The public benchmark page tracks these profile targets by role, not by private host details:

| Tool | Shortcut / profile | Backend |
| --- | --- | --- |
| Claude Code | `claude-spark-llama` / `csllama` | local Anthropic gateway to Spark llama.cpp |
| Codex | `codex-spark-llama` / `xsllama` | local Responses shim to Spark llama.cpp |
| Pi | `pi-spark-llama` | OpenAI-compatible model entry |
| OpenCode | provider `spark-llama.cpp`, model `qwen3-coder-30b.gguf` | OpenAI-compatible endpoint |

For public reproduction, keep the benchmark endpoint on `127.0.0.1` through an SSH tunnel.

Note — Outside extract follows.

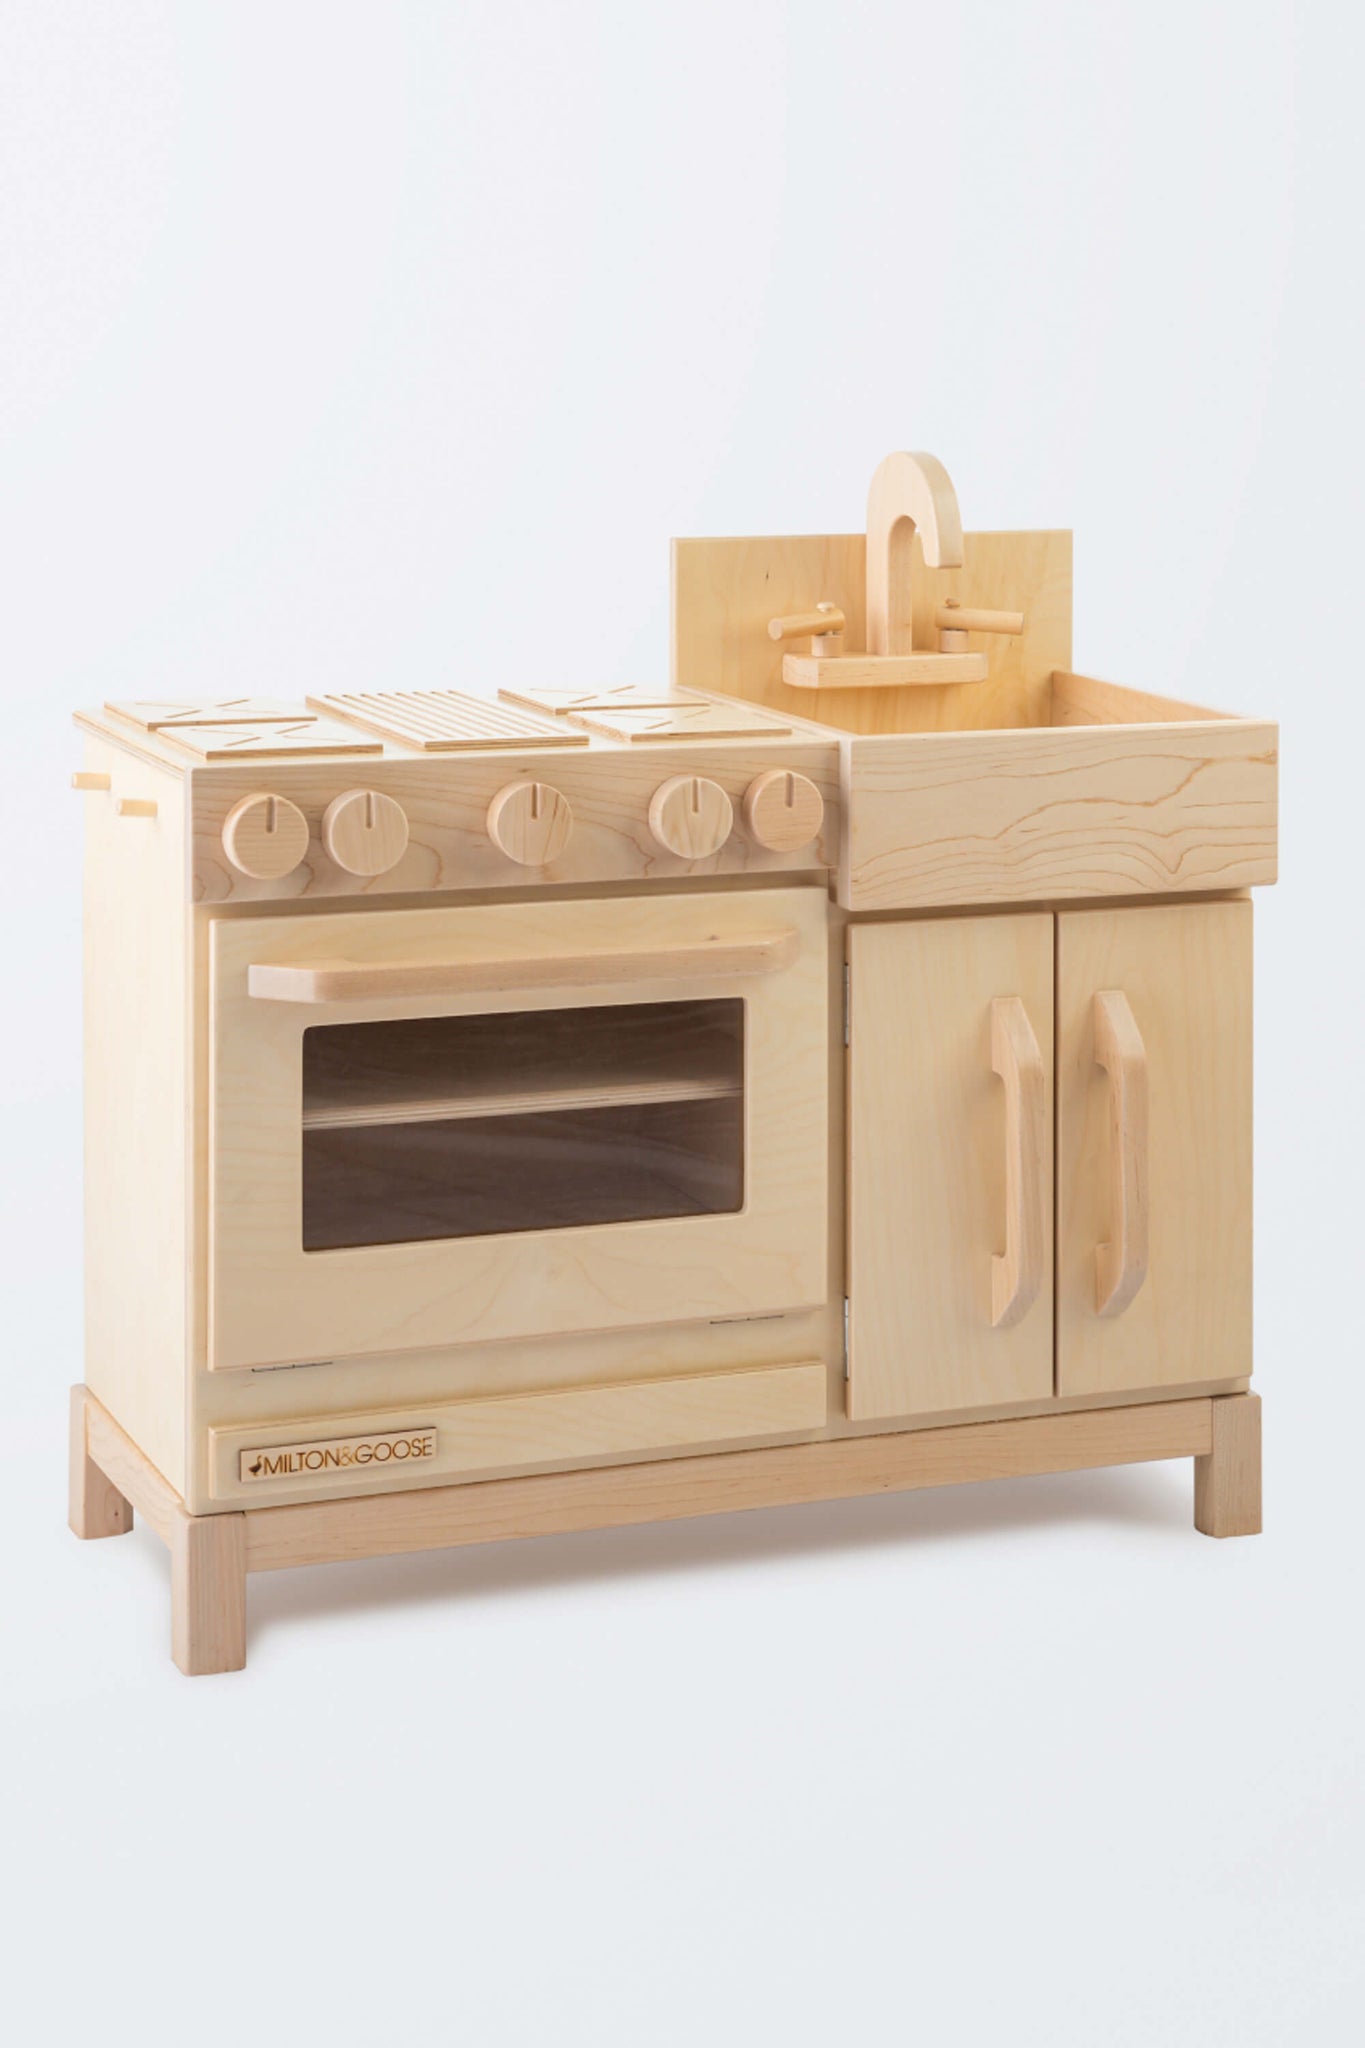 Milton & Goose Essential Play kitchen with a natural finish. The kitchen is turned so you can see the side. This wooden play kitchen is made with Baltic Birch Plywood and North American Maple wood.

Do not publish private direct-LAN endpoints.

## Result Files

Each run writes a timestamped folder under `results/` with:

- `runs.jsonl`: per-task raw records with redacted non-local endpoints by default.
- `summary.md`: grouped median wall time, pass counts, output size, and token-rate metrics when available.
- `manifest.json`: command, suite, task, model, and redacted endpoint metadata.

Before publishing generated files:

```sh
./redaction-check.sh results
```

Do not publish SSH configs, known-hosts files, shell history, raw server logs, or full result files created with `--show-endpoints`.